My friends will keep themselves busy this holiday season since they all have families to celebrate with. I’m happy for them, but a part of me is jealous. Jealous that their families live near them, and they get to spend time with them. Most of my friend’s extended family moved to America or started visiting often after they were born in order to stay close with their family. But this was never an option for my family due to the cost and legality issues that come along with it. My other friends found groups of people here that became their families. They all bonded over their isolation and now spend every Christmas and every Thanksgiving together. But my family has never had that. The friends we’ve made have groups of their own and spend the holidays with them. And so every year, my family celebrates alone. 

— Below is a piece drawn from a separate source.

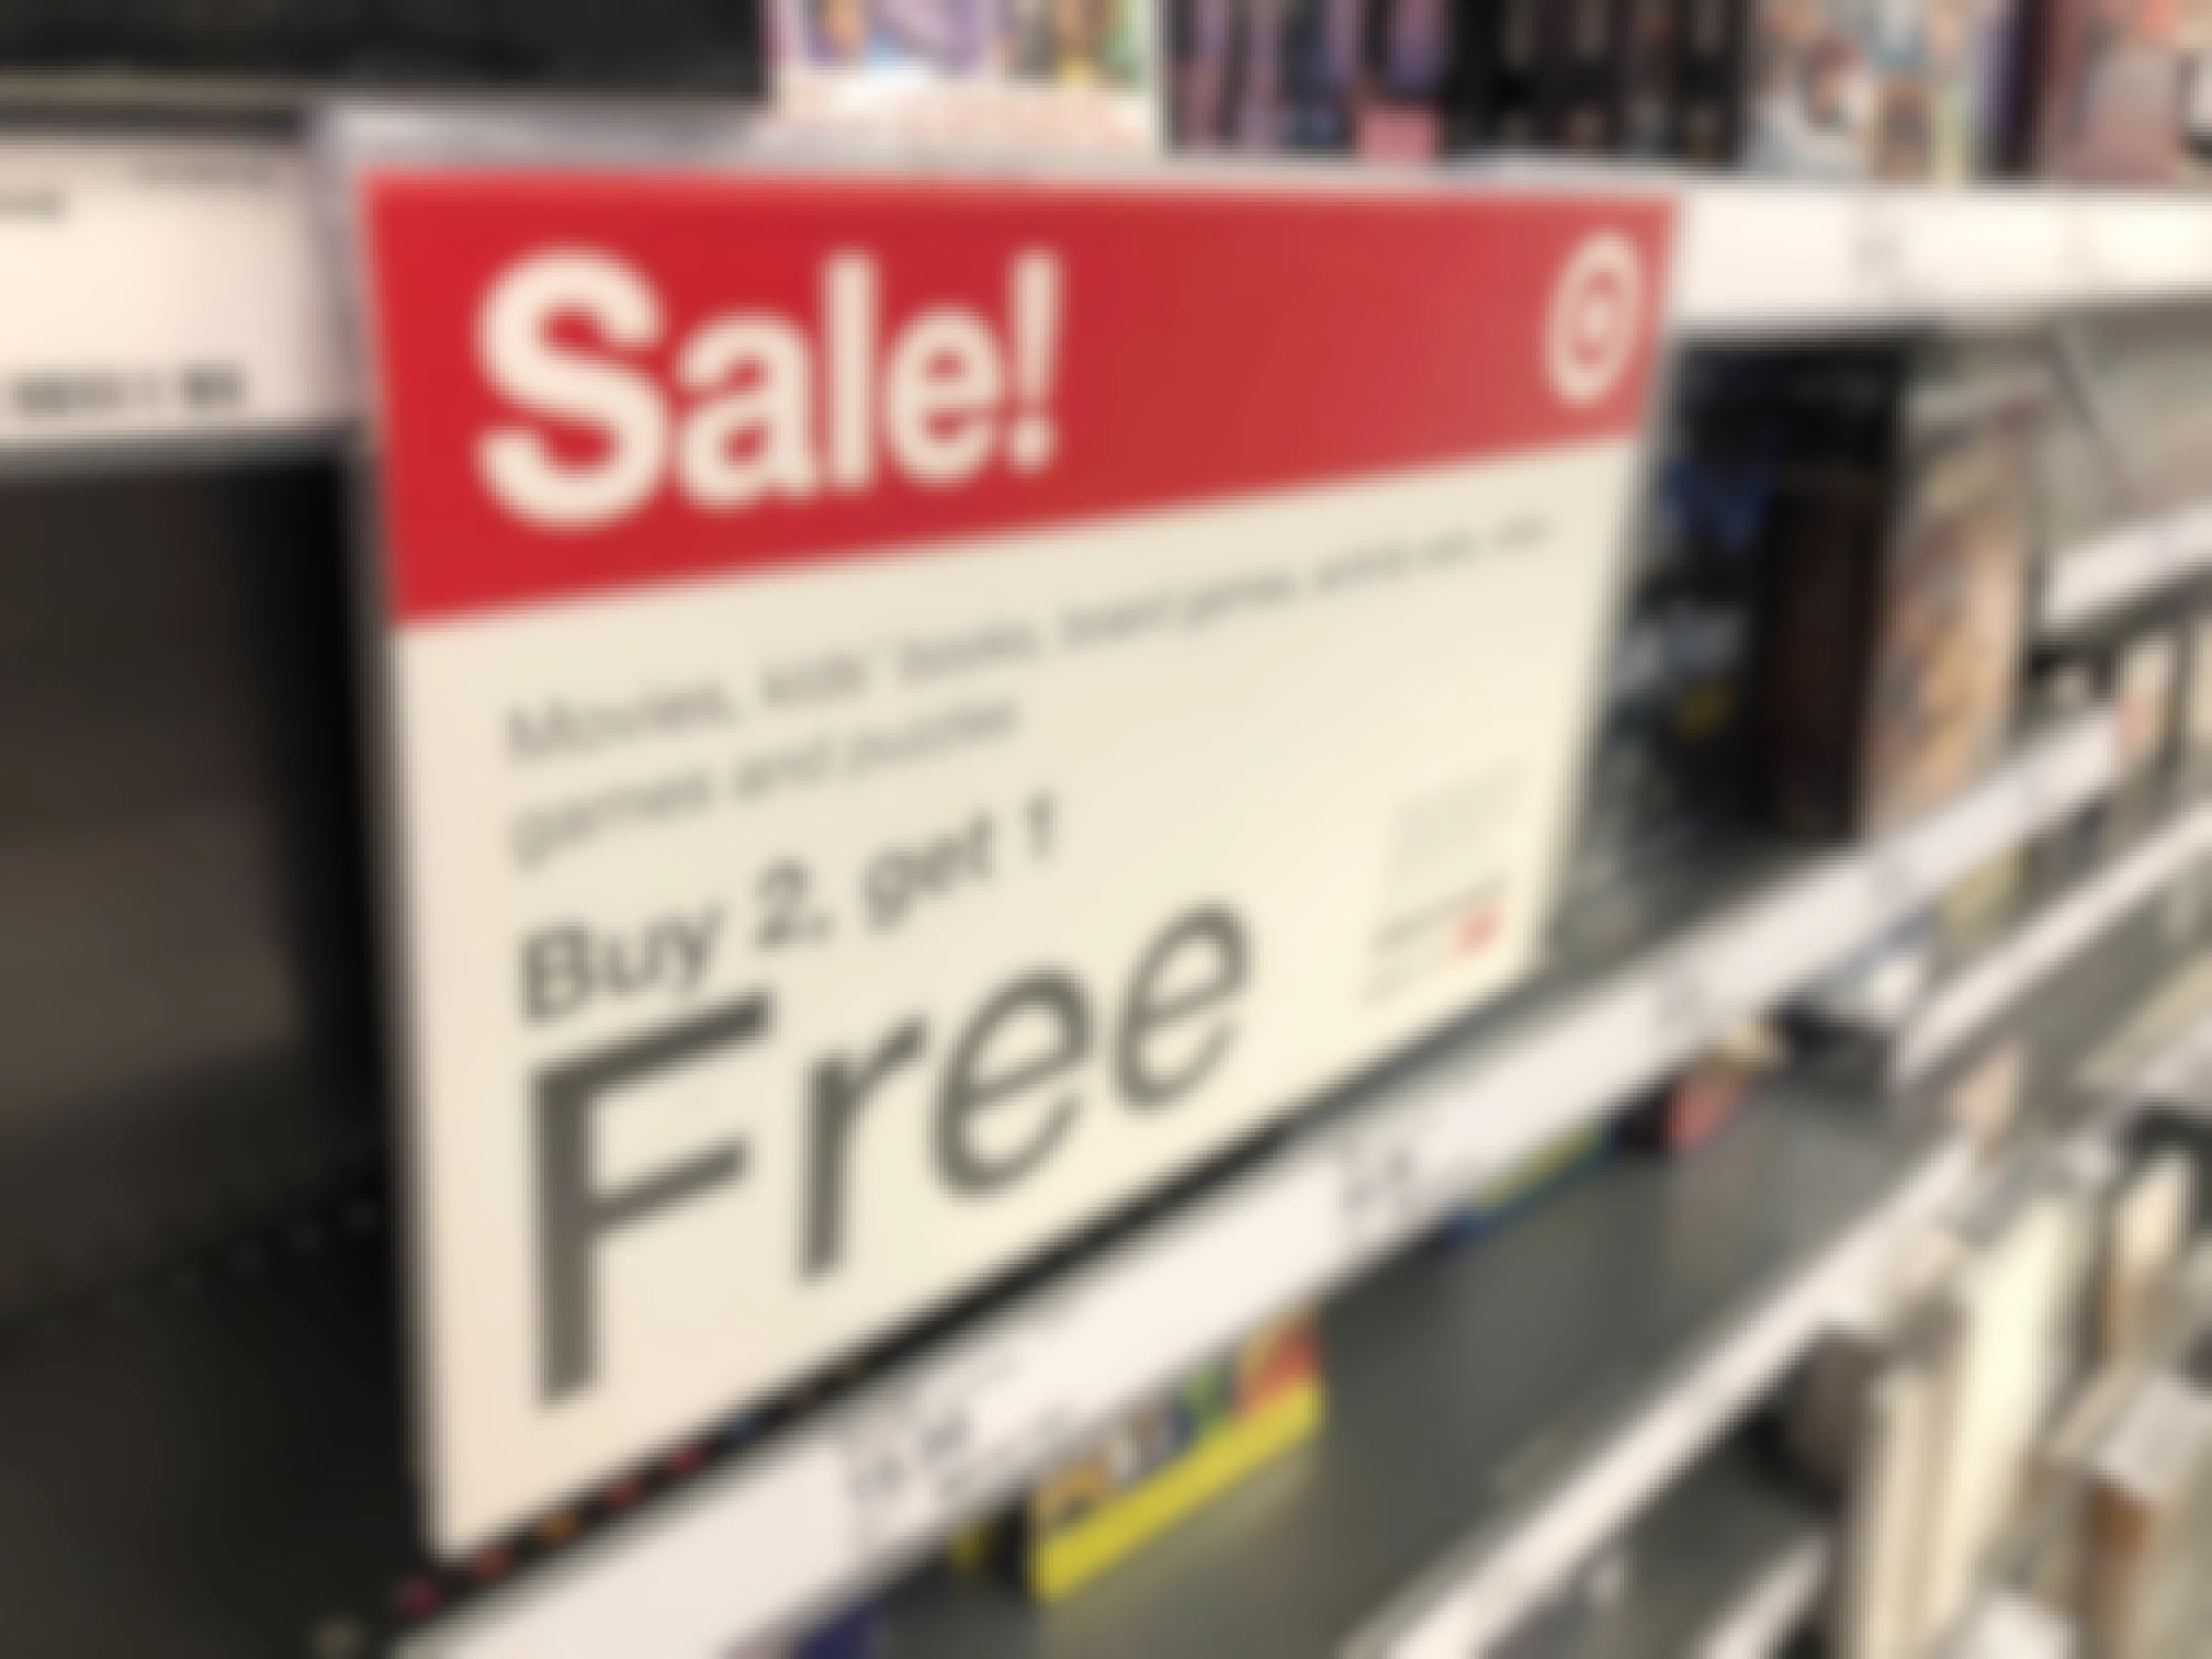 movies, kids' books, board games buy 2 get 1 free sign at target

This year is the first time I’ve actually dreaded the upcoming holiday season. I don’t want to go home to celebrate, but I also don’t want to be alone in my apartment. I don’t want my parents to put up the Christmas tree or any of the decorations, and I don’t want to hear Christmas music on the radio. I don’t want my mother to make jokes while pretending Santa is real, and I don’t want to decorate a gingerbread house. It’s all just a reminder of how far my family is from me and how long it will probably be until I can see them again. I just want the season to be over. I want my family to come to America — so I can have deep conversations with my grandma before she gets too old to ever visit, bake cakes with my cousins and hang out with my nephews so that they can remember me as their aunt and not some random person they met once. And I want to spend Christmas laughing around the tree with all of them instead of sitting at home in silence.